6 The equation \(0.5 \ln x - x ^ { 2 } + x + 1 = 0\) has two roots \(\alpha\) and \(\beta\), such that \(0 < \alpha < 1\) and \(1 < \beta < 2\).
- Use the Newton-Raphson method with \(x _ { 0 } = 1\) to obtain \(\beta\) correct to \(\mathbf { 6 }\) decimal places.
Fig. 6.1 shows part of the graph of \(y = 0.5 \ln x - x ^ { 2 } + x + 1\).
\begin{figure}[h]
\includegraphics[alt={},max width=\textwidth]{945883ad-c153-4c51-83d3-978e4c769ed5-06_1112_1156_529_354}
\captionsetup{labelformat=empty}
\caption{Fig. 6.1}
\end{figure} - On the copy of Fig. 6.1 in the Printed Answer Booklet, illustrate the Newton-Raphson method working to obtain \(x _ { 1 }\) from \(x _ { 0 } = 1\).
Beth is trying to find \(\alpha\) correct to 6 decimal places.

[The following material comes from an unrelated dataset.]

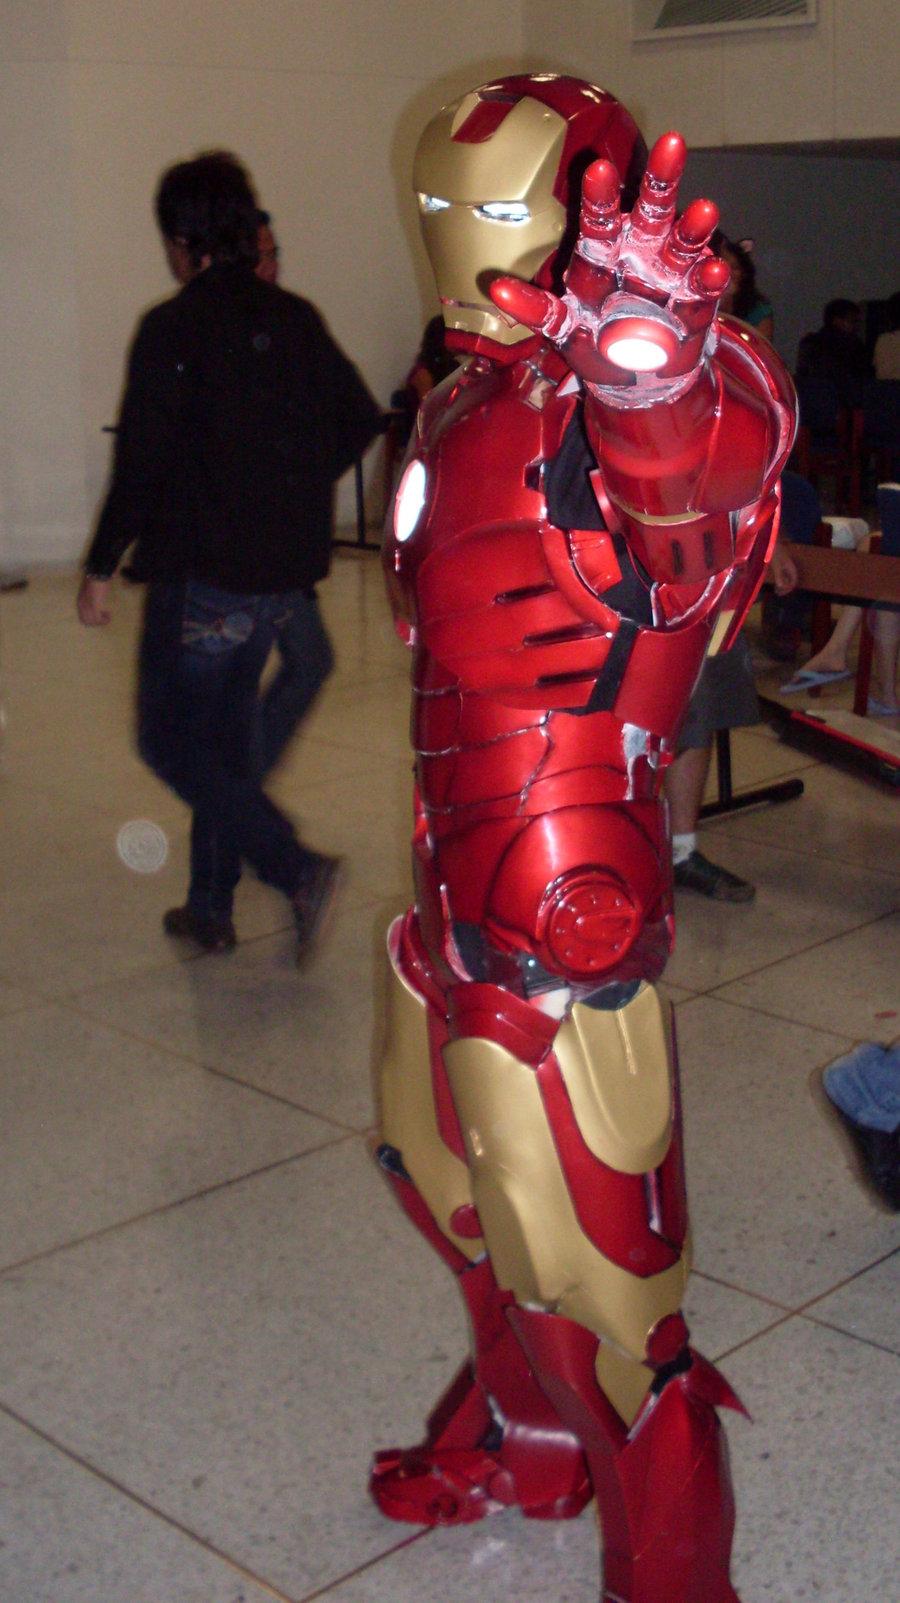 Iron Man Cosplay 1 by SHIZUKE1984

- Suggest a reason why she might choose the Newton-Raphson method instead of fixed point iteration.
Beth tries to find \(\alpha\) using the Newton-Raphson method with a starting value of \(x _ { 0 } = 0.5\). Her spreadsheet output is shown in Fig. 6.2.
\begin{table}[h]
| \(r\) | \(\mathrm { x } _ { \mathrm { r } }\) |
| 0 | 0.5 |
| 1 | - 0.40343 |
| 2 | \#NUM! |
\captionsetup{labelformat=empty}
\caption{Fig. 6.2}
- Explain how the display \#NUM! has arisen in the cell for \(x _ { 2 }\).
Beth decides to use the iterative formula
$$x _ { n + 1 } = g \left( x _ { n } \right) = \sqrt { 0.5 \ln \left( x _ { n } \right) + x _ { n } + 1 }$$
- Determine the outcome when Beth uses this formula with \(x _ { 0 } = 0.5\).
- Use the relaxed iteration \(\mathrm { x } _ { \mathrm { n } + 1 } = ( 1 - \lambda ) \mathrm { x } _ { \mathrm { n } } + \lambda \mathrm { g } \left( \mathrm { x } _ { \mathrm { n } } \right)\) with \(\lambda = - 0.041\) and \(x _ { 0 } = 0.5\) to obtain \(\alpha\) correct to \(\mathbf { 6 }\) decimal places.